Re: [Help-glpk] Modeling Choice

[Andrew Makhorin]

>In my problem I have a number of constraints over integer variables 
>where I require at least one of several inequalities to be true, often like:
>
>    c - b <= -1
>       or
>    c - b >= 1
>       or
>    c - a <= -1
>       or
>    c - a >= 1
>
>(essentially c != b || c != a)
>
>Previously I was managing all of these myself, feeding one at a time 
>into the solver, backtracking over all the possibilities to find a 
>feasible/optimal solution.
>
>I noticed that I could model the above choice with some binary variables 
>w, x, y, and z, like:
>
>   c - b - 1000 * w <= -1
>      and
>   c - b + 1000 * x >= 1
>      and
>   c - a - 1000 * y <= -1
>      and
>   c - a + 1000 * z >= 1
>      and
>   w + x + y + z = 3
>
>When w, x, y, or z is 1, the inequality containing it is trivially 
>satisfied.  And the final equation requires that one of these variables 
>be 0.
>
>So I wouldn't have to rerun the solver from scratch everytime I tried 
>another choice.  My assumption was that this would be much faster, but 
>instead it ran at about half the speed of my previous solution.
>
>Is there some better way, using integer linear programming, to assert 
>that one of a list of inequalities must hold?

Your integer description is not quite good, although correct.
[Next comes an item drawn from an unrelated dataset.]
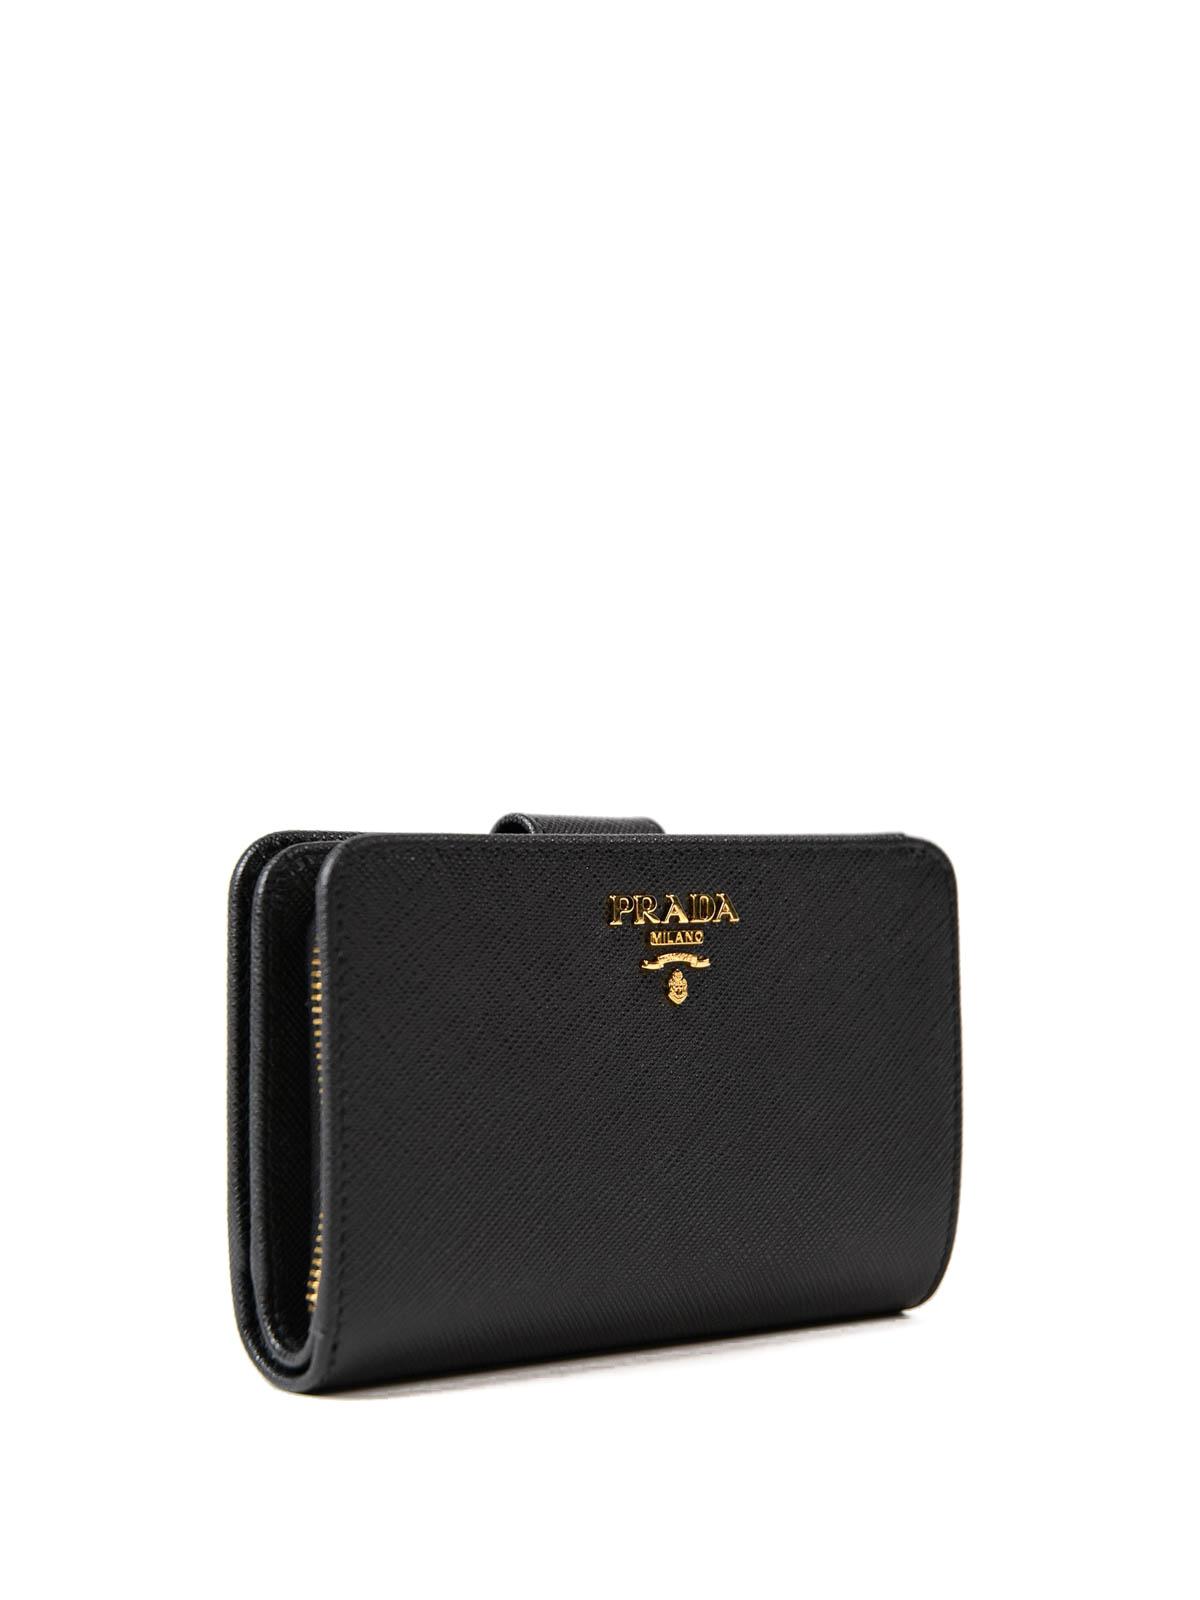 155c0c0640e7 PRADA  wallets   purses online - Black saffiano leather French wallet

There is
a standard, better way.

Assuming that a, b, and c are integer, the condition

   c != b or c != a

can be expressed as

   |c - b| + |c - a| >= 1.

So, you need to describe the absolute value, which is a nonlinearity.

Let |x| <= u, i.e. -u <= x <= +u, where u is a known constant. It is
well known that

   |x| = x1 + x2,

where

   x = x1 - x2,

   0 <= x1 <= u * k,

   0 <= x2 <= u * (1 - k),

   k^2 = k (i.e. k is binary)

Let in your case |c - b| <= u and |c - a| <= v, where u and v are known
constants. Then, assuming that |c - b| = x1 + x2 and |c - a| = y1 + y2,
the description of your condition is the following:

   (x1 + x2) + (y1 + y2) >= 1,

   c - b = x1 - x2,

   0 <= x1 <= u * k,

   0 <= x2 <= u * (1 - k),

   c - a = y1 - y2,

   0 <= y1 <= v * t,

   0 <= y2 <= v * (1 - t),

   k, t are binary.

So you need to introduce four continuous non-negative variables x1, x2,
y1, y2, two binary variables k, t, and seven linear constraints.

(Please, check formulae before using them; I didn't check them.)